Thank you for checking out the Idaho Association of Soil Conservation Districts (IASCD) new blog!   The IASCD Board of Directors hopes this will become an innovative way for individual districts, farmers, legislators, and other interested parties to communicate. Each week, we’ll post relevant and interesting news articles on agriculture, farm conservation efforts, and state and federal legislation. Also, keep an eye out for new grant announcements, on-the-ground projects happening in our districts, or fun posts on the best native plants for your garden. You can subscribe to the blog by clicking the button on the right, or by emailing Bret Rumbeck at bretrumbeck.iascd@gmail.com.

The creation of conservation districts in our nation can be traced back to the Dust Bowl Era of the 1930s. Years of sustained drought, intensive farming without erosion reducing techniques, and dust storms simply added to the nation’s social and economic perils. The US Department of Agriculture felt that effective conservation needed to be created and managed locally. In May 1936, a model law was crafted to serve as a guide for states to create conservation districts.

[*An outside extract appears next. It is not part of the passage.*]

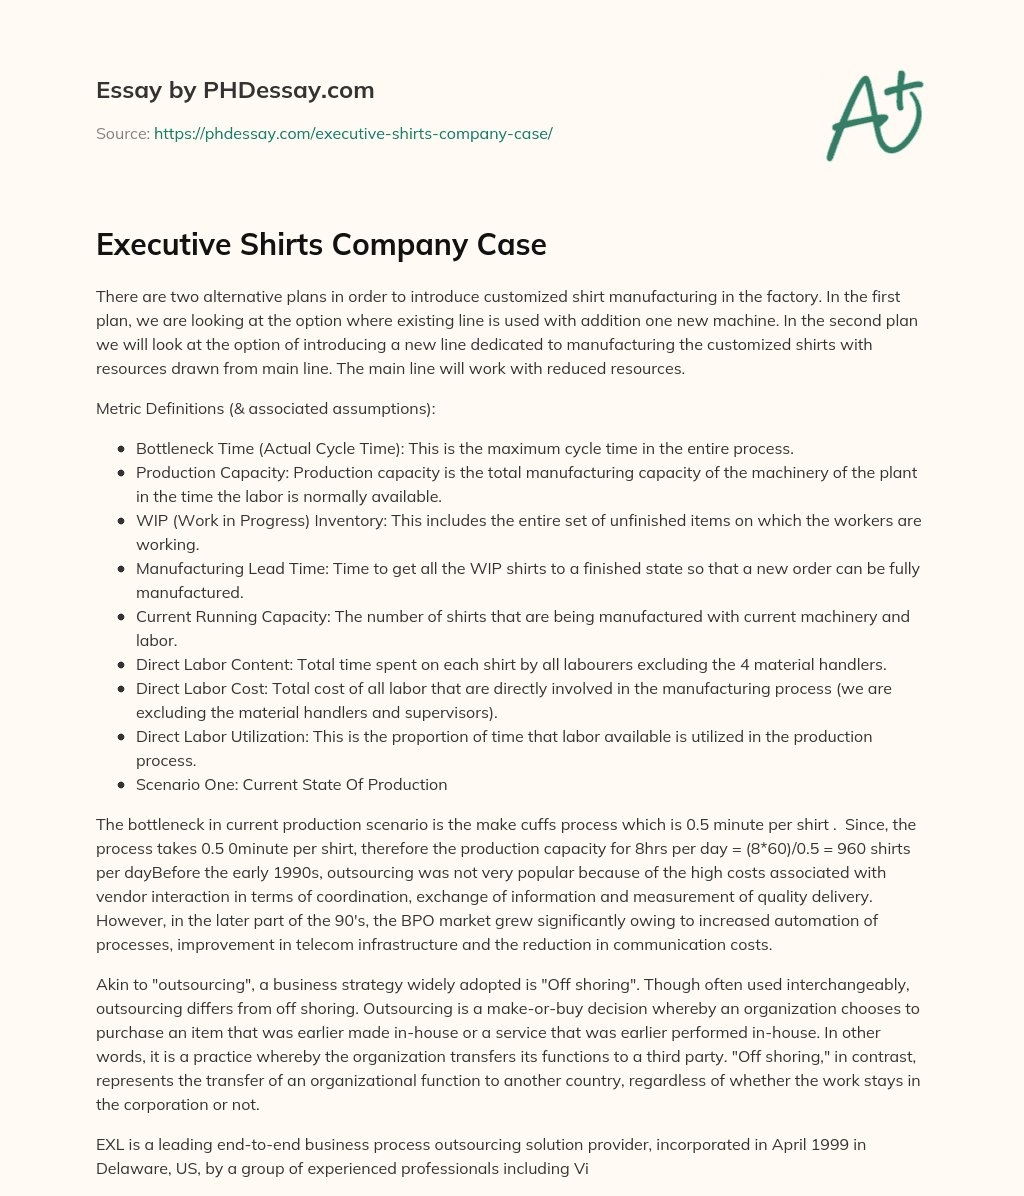 Executive Shirts Company Case essay

Idaho passed their soil conservation district law, Senate Bill 36, on March 1, 1939, and was signed into law by Governor C.A. Bottolfsen on March 9, 1939. The first conservation districts in Idaho were formed in 1940, and included Latah, Bear Lake, Portneuf, Squaw Creek, and Mayfield (which later became Elmore). There were 22 conservation districts by 1947, 48 by 1957, and the districts reached a high of 55 by 1962. Today, the 50 conservation districts are the primary entities to provide assistance to private landowners and land users in the conservation, sustainment, improvement, and enhancement of Idaho’s natural resources.